User mentions JOIN with other tables	"Which column will this table JOIN on, and what is the distribution_key of the other table?"
Large data volume or mentions retention	"How long should data be retained? (recommend dynamic partition management for lifecycle)"
User mentions both analytics and serving	"What is the read pattern — batch scans, point lookups by ID, or both?"

Can Use Defaults (No Need to Ask)

Property	Default Behavior
----------	-----------------
`bitmap_columns`	Auto-enabled for TEXT columns; can ALTER later
`dictionary_encoding_columns`	Use `:auto` mode; can ALTER later
`storage_mode`	Default `hot`; can ALTER later
`time_to_live_in_seconds`	Not recommended. Deletion time is non-deterministic. Use dynamic partition management instead

Gathering Flow

User request → Check available info
  |
  +-- Columns + query pattern + key info all clear?
  |     → Generate DDL directly
  |
  +-- Missing critical info?
  |     → Ask 1-3 focused questions (batch them, don't ask one at a time)
  |
  +-- Very vague request (e.g., "help me create a user table")?
        → Ask: 1) main columns  2) query pattern  3) key/dedup needs

> Principle: Batch questions into a single round. Never ask more than 3-4 questions at once. If the user provides partial info, fill in reasonable defaults for the rest and explain your assumptions in comments.

Storage Formats

Choose the storage format based on your primary query pattern.

Format	Syntax	Best For	Primary Key
--------	--------	----------	-------------
Column store	`orientation = 'column'`	OLAP, aggregation, scan-heavy queries	Optional
Row store	`orientation = 'row'`	Point lookups, high-QPS KV queries	Required
Row-column store	`orientation = 'row,column'`	Mixed workloads (OLAP + point lookup)	Required

> Default recommendation: Use row,column (row-column store) when the workload is unclear.

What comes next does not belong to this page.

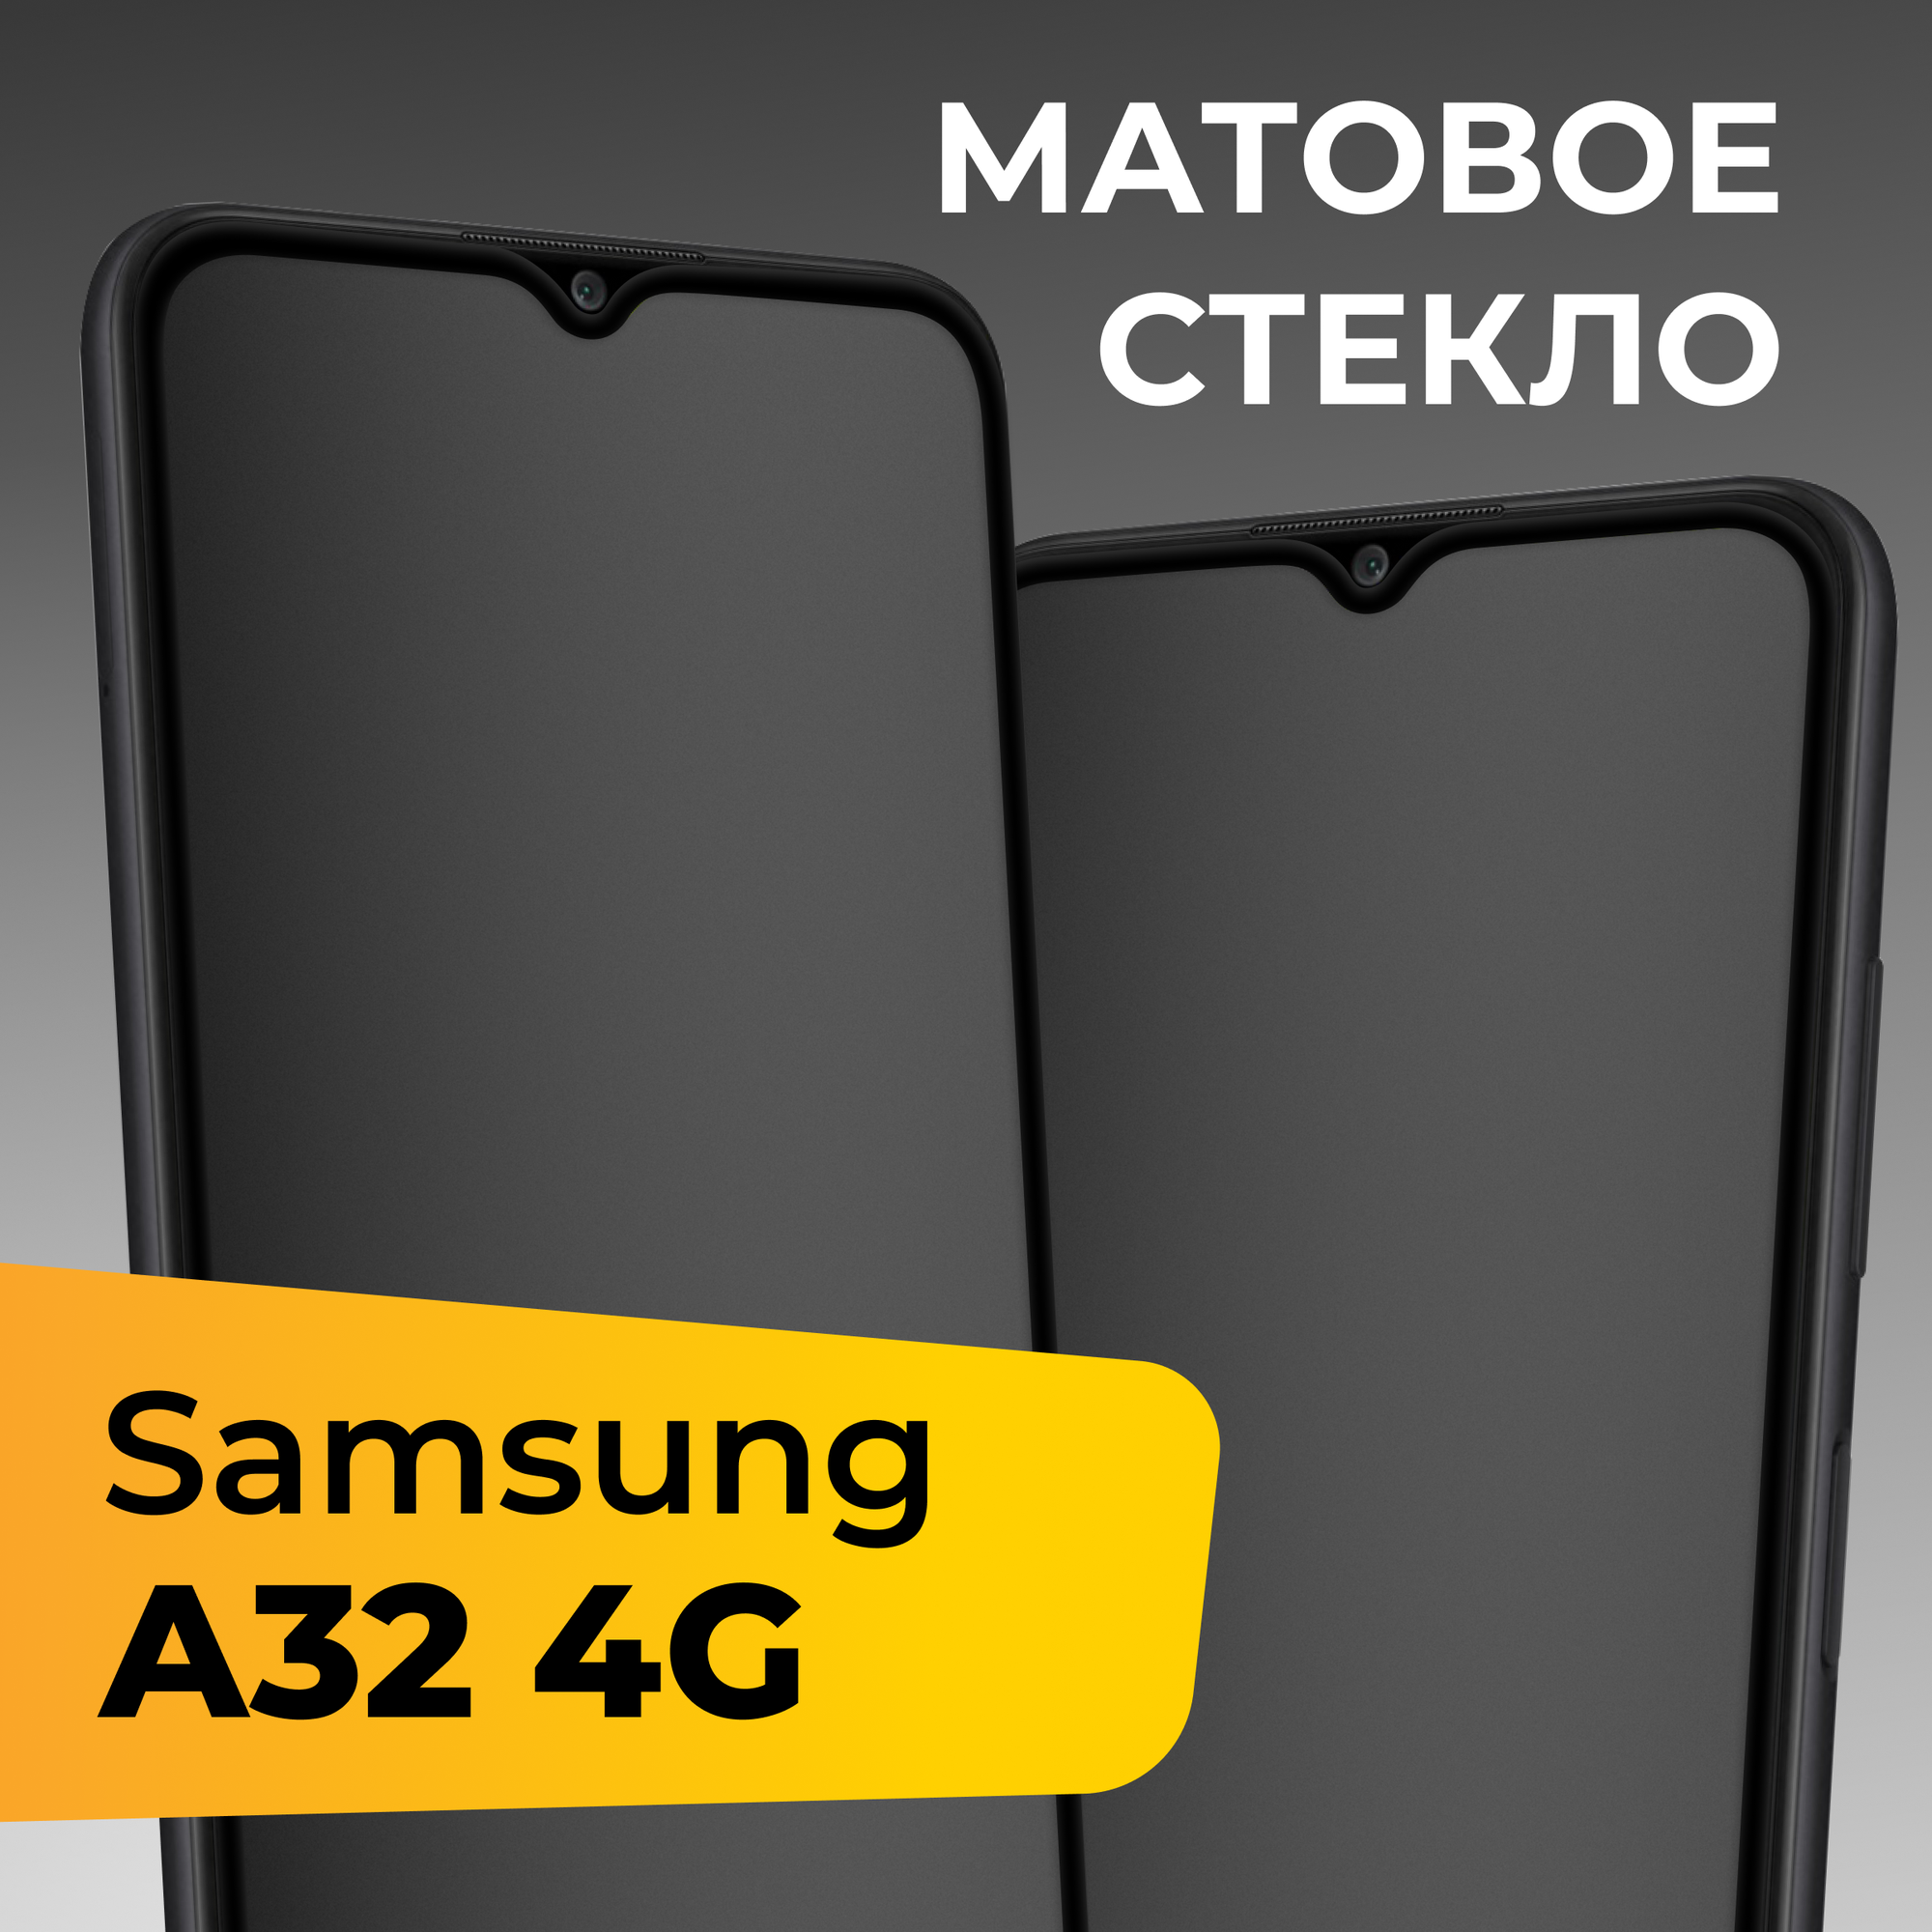 Матовое защитное стекло для телефона Samsung Galaxy A32 4G / Противоударное закаленное стекло на весь экран для смартфона Самсунг Галакси А32 4Г

It handles both OLAP and point queries well.

Quick Start

-- Column store table (OLAP / analytics)
CREATE TABLE orders (
  order_id BIGINT NOT NULL,
  user_id BIGINT,
  amount DECIMAL(18,2),
  status TEXT,
  order_time TIMESTAMPTZ NOT NULL,
  ds TEXT NOT NULL,
  PRIMARY KEY (order_id)
)
PARTITION BY LIST (ds)
WITH (
  orientation = 'column',
  distribution_key = 'order_id',
  clustering_key = 'order_time:asc',
  event_time_column = 'order_time',
  bitmap_columns = 'status,user_id'
);

-- Row store table (high-QPS point lookup)
CREATE TABLE user_profile (
  user_id BIGINT NOT NULL,
  name TEXT,
  email TEXT,
  tags JSONB,
  updated_at TIMESTAMPTZ,
  PRIMARY KEY (user_id)
)
WITH (
  orientation = 'row',
  distribution_key = 'user_id',
  clustering_key = 'user_id'
);

CREATE TABLE Syntax (V2.1+)

CREATE TABLE [IF NOT EXISTS] [schema.]table_name (
  column_name data_type [NOT NULL] [DEFAULT expr],
  ...
  [PRIMARY KEY (col1 [, col2, ...])]
)
[PARTITION BY LIST (partition_column)]
WITH (
  orientation = '{column | row | row,column}',
  distribution_key = 'col1[,col2]',
  clustering_key = 'col1[:asc|:desc][,col2[:asc|:desc]]',
  event_time_column = 'col',
  bitmap_columns = 'col1[,col2,...]',
  dictionary_encoding_columns = 'col1[:auto|:on|:off][,...]',
  time_to_live_in_seconds = 'N',          -- NOT recommended, see below
  storage_mode = '{hot | cold}',
  table_group = 'group_name'
);

Legacy Syntax (All Versions)

BEGIN;
CREATE TABLE table_name (...);
CALL set_table_property('table_name', 'orientation', 'column');
CALL set_table_property('table_name', 'distribution_key', 'col1');
CALL set_table_property('table_name', 'clustering_key', 'col1:asc');
CALL set_table_property('table_name', 'event_time_column', 'col1');
CALL set_table_property('table_name', 'bitmap_columns', 'col1,col2');
COMMIT;

Table Properties Reference

distribution_key (Distribution Key)

Controls how data is hash-distributed across shards. Critical for JOIN and GROUP BY performance.

Rule	Description
------	-------------
Choose high-cardinality columns	Avoid data skew
Use JOIN/GROUP BY columns	Enable local computation, avoid shuffle
Max 2 columns	More columns reduce distribution effectiveness
Must be subset of PK	If table has a primary key
Immutable after creation	Cannot ALTER, must recreate table

-- Single column
distribution_key = 'user_id'

-- Two columns (join on both)
distribution_key = 'order_id,user_id'

clustering_key (Clustering Key / Sorted Index)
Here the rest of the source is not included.